DATASET SECTION:
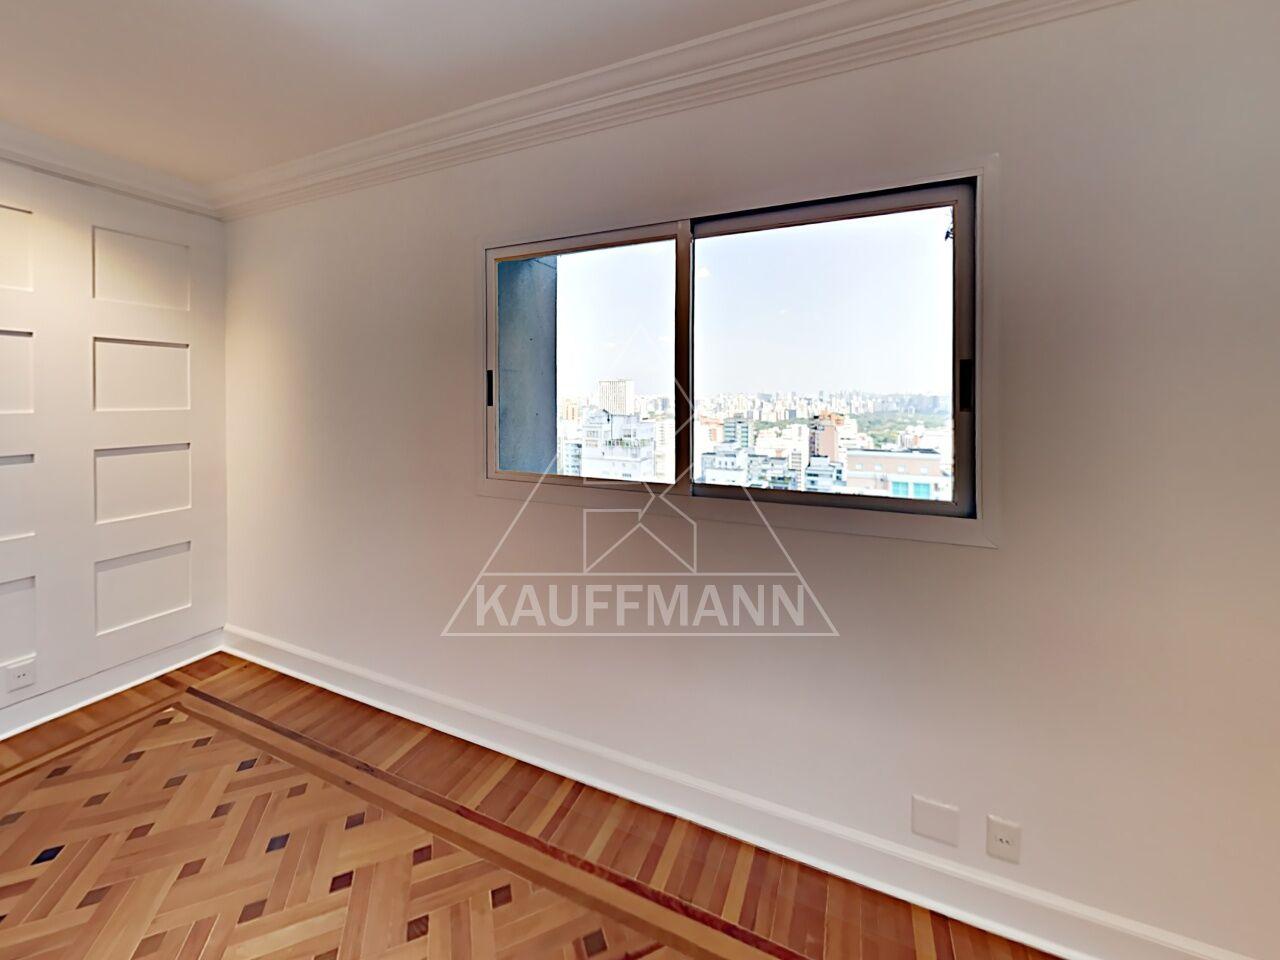 apartamento-venda-sao-paulo-jardim-america-regency-6dormitorios-6suites-7vagas-1099m2-Foto42
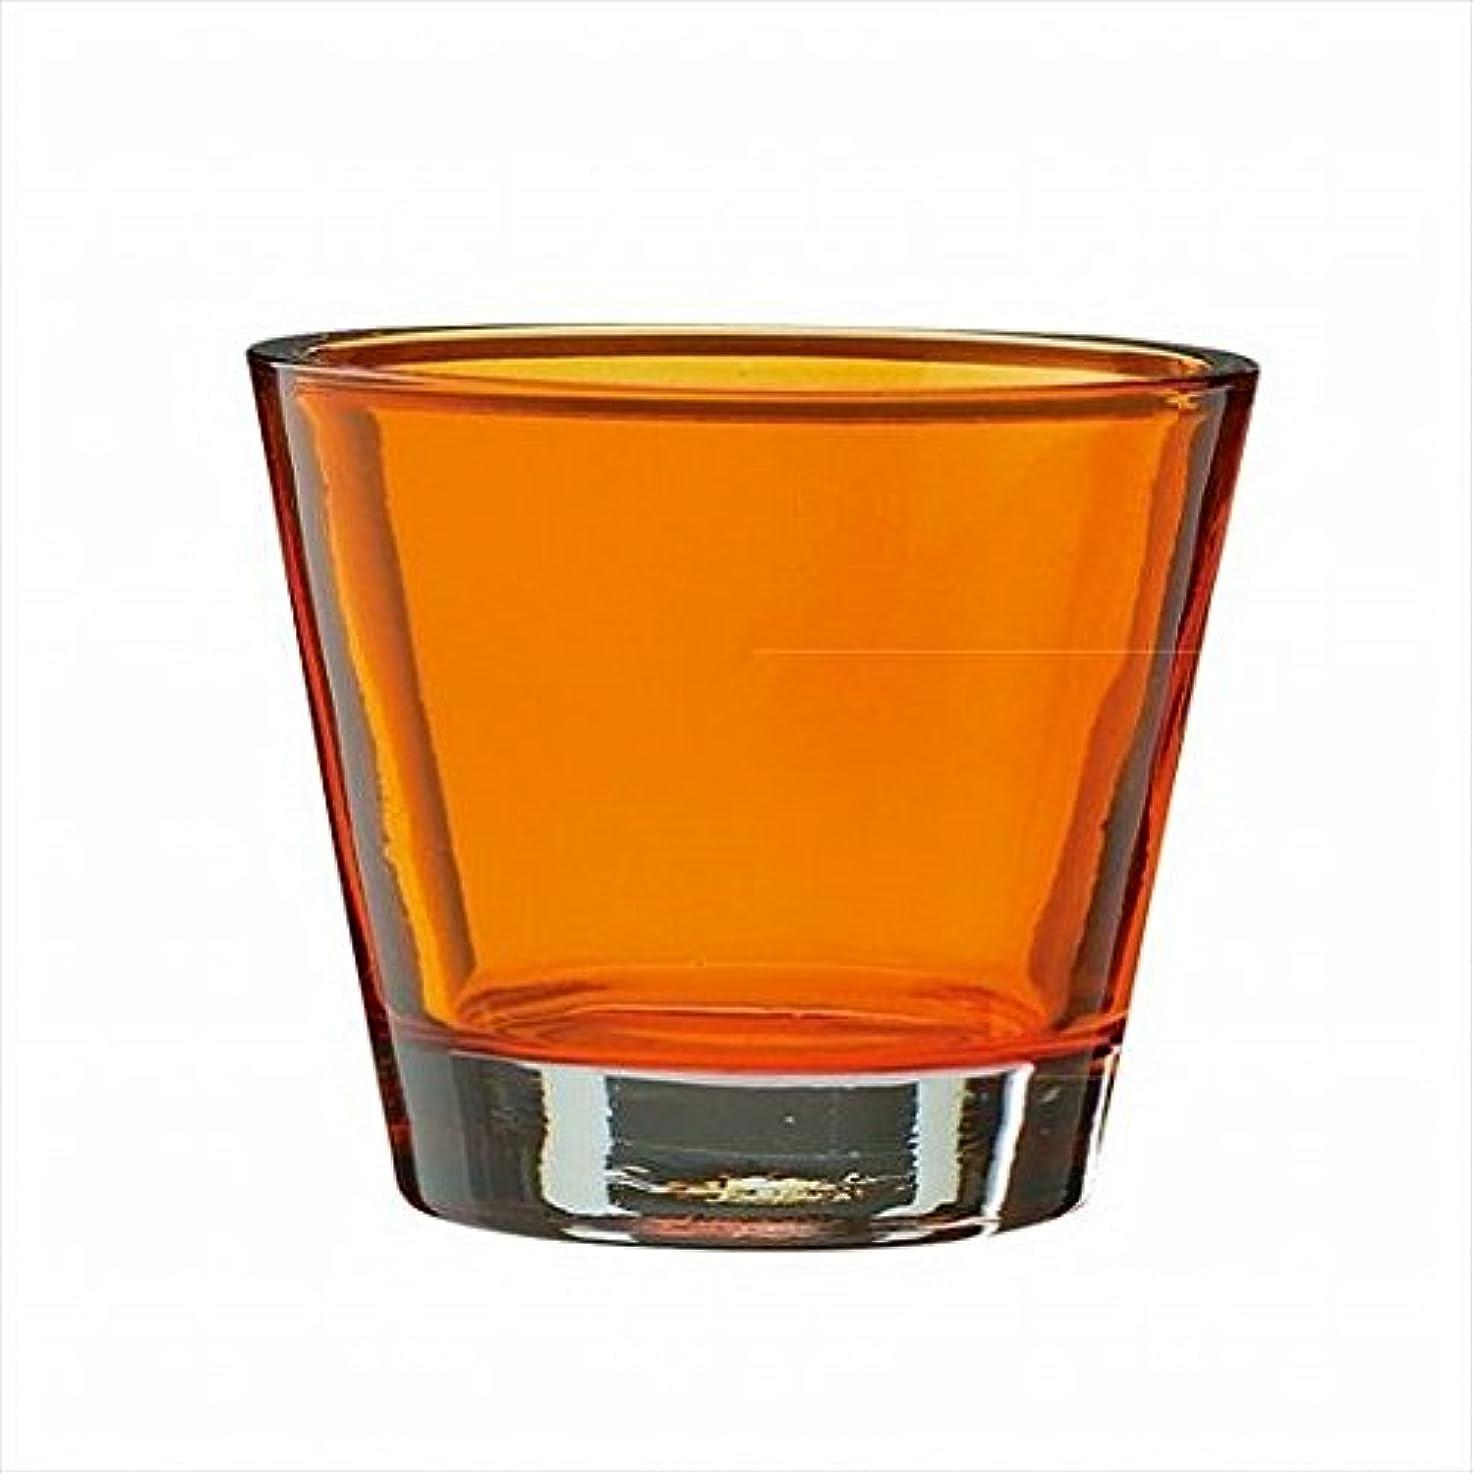 議論する戦い許容kameyama candle(カメヤマキャンドル) カラリス 「 オレンジ 」 キャンドル 82x82x70mm (J2540000OR)
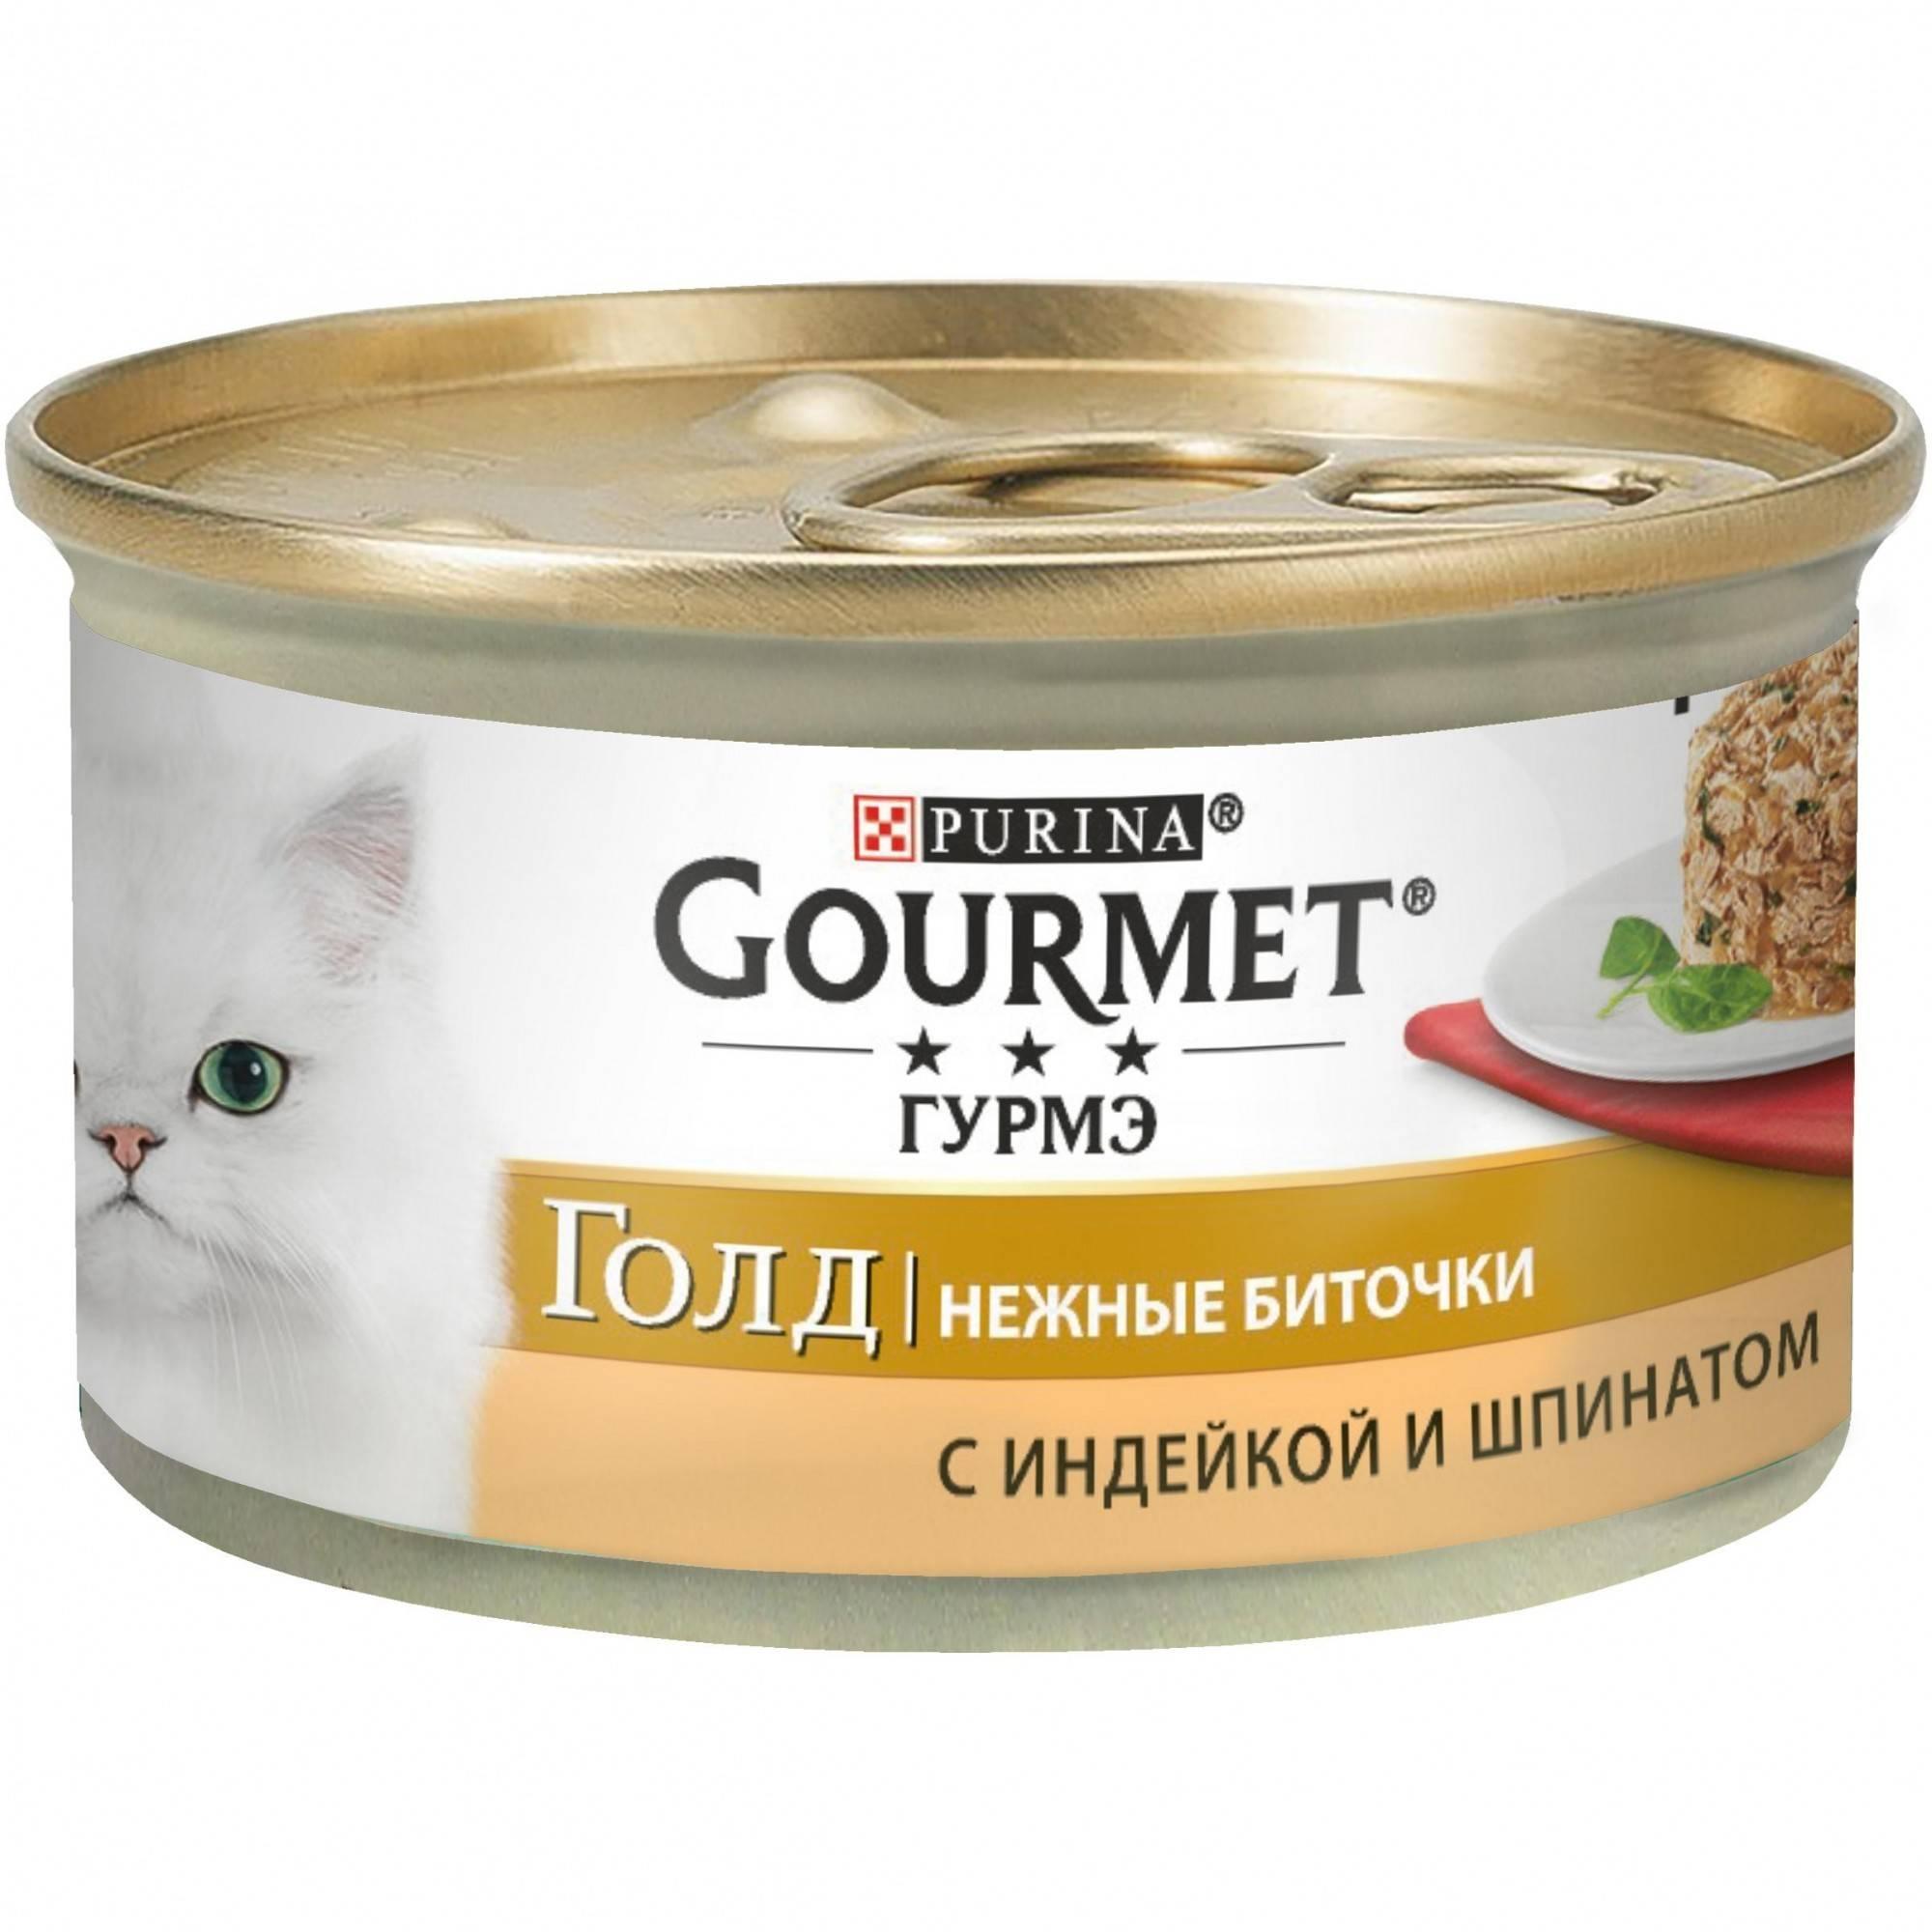 GOURMET Gold Savoury Cake Turkey & Spinach – консерва с индейкой и шпинатом для взрослых котов

HOW TO COMPLETE THIS TASK: What you return should be the full listing, unchanged, minus the pictures.

SOLUTION FOR THIS PROBLEM:
 apartamento-venda-sao-paulo-jardim-america-regency-6dormitorios-6suites-7vagas-1099m2-Foto42
 議論する戦い許容kameyama candle(カメヤマキャンドル) カラリス 「 オレンジ 」 キャンドル 82x82x70mm (J2540000OR)
 GOURMET Gold Savoury Cake Turkey & Spinach – консерва с индейкой и шпинатом для взрослых котов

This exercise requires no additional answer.